__EXERCISE DESCRIPTION__.
Please give back word for word the lines of the material below between the line containing "Birds By William" and the line containing "Wimbledon Coco Gauff", inclusive.

__MATERIAL FOR THIS TASK__.
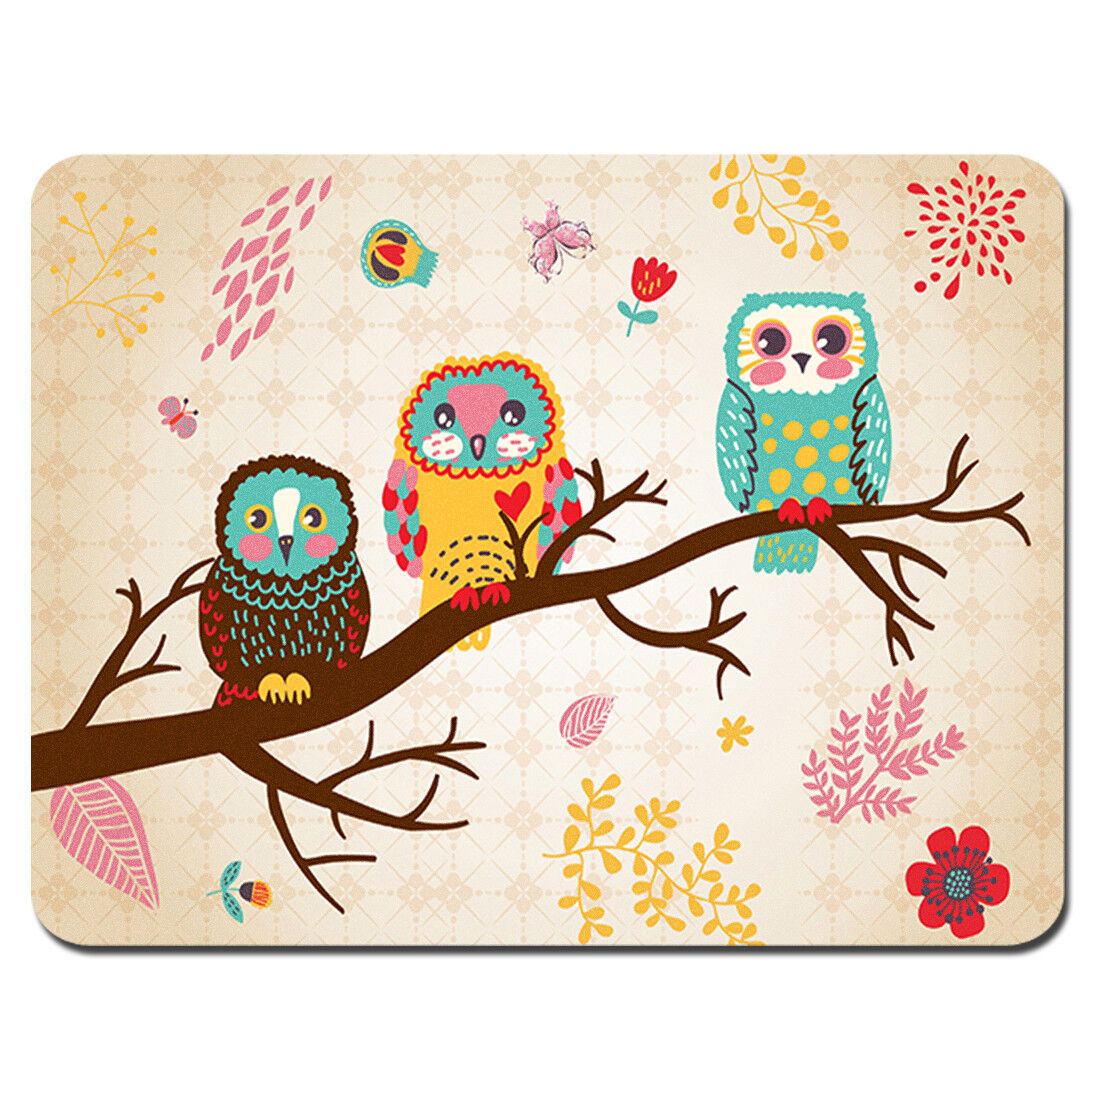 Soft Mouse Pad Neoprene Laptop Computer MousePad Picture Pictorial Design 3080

* * *

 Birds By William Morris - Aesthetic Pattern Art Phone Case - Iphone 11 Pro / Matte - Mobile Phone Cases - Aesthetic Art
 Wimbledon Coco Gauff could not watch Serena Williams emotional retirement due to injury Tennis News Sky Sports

__EXERCISE RESULT__.
 Birds By William Morris - Aesthetic Pattern Art Phone Case - Iphone 11 Pro / Matte - Mobile Phone Cases - Aesthetic Art
 Wimbledon Coco Gauff could not watch Serena Williams emotional retirement due to injury Tennis News Sky Sports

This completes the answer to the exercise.